또 다른 예를 들면, 품질 요구사항을 만족하는 경우, 품질 요구사항 내에서 모델의 복잡도가 줄어들도록 모델의 토폴로지는 조정될 수 있고, 파라미터의 학습을 위한 과정이 반복될 수 있다. 따라서, 토폴로지의 조정 가능 여부를 판단할 경우, 지각적 품질 평가의 결과가 미리 설정된 품질 요구사항을 만족한다면 품질 요구사항 내에서 복잡도가 줄어든 모델을 이용하여 파라미터는 재학습될 수 있다.As another example, if the quality requirements are met, the topology of the model can be adjusted so that the complexity of the model is reduced within the quality requirements, and the process for learning the parameters can be repeated. Therefore, when determining whether the topology is adjustable, the parameters can be re-learned using a model with reduced complexity within the quality requirements if the outcome of the perceptual quality evaluation satisfies a predetermined quality requirement.

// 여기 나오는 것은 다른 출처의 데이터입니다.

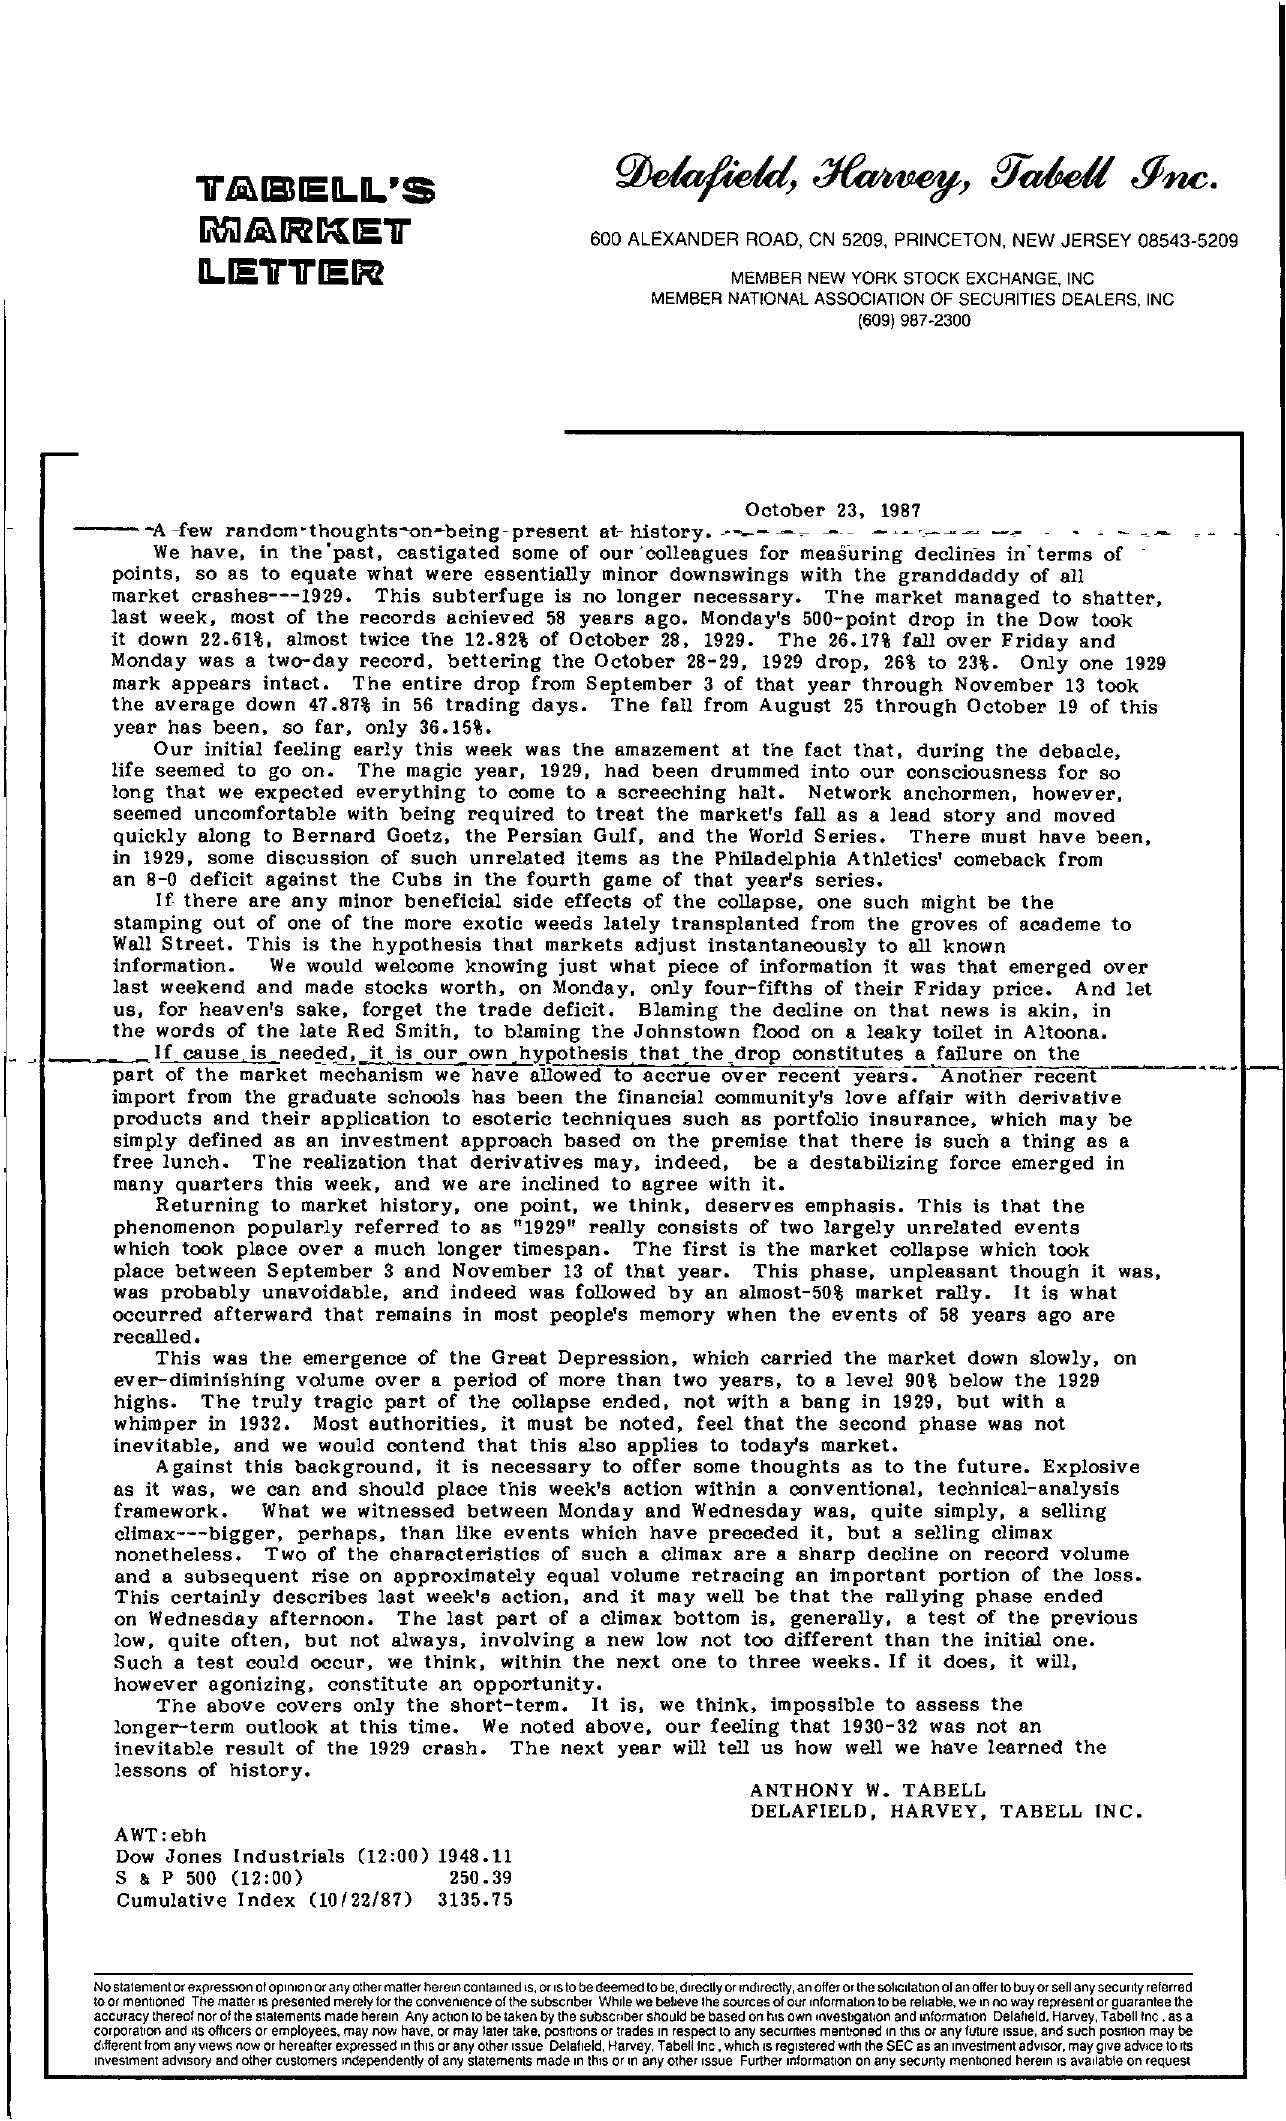 Tabell's Market Letter - October 23, 1987

단계(703)에서, 오디오 신호 부호화 장치는 생성된 잠재벡터를 부호화하여 비트스트림을 출력할 수 있다. 여기서, 잠재벡터는 전송 채널을 통해 전송되기 위해 양자화 또는 부호화되어 비트스트림으로 출력될 수 있다.In step 703, the audio signal encoding apparatus can output the bit stream by encoding the generated potential vector. Here, the potential vector may be quantized or coded to be transmitted through a transmission channel and output as a bitstream.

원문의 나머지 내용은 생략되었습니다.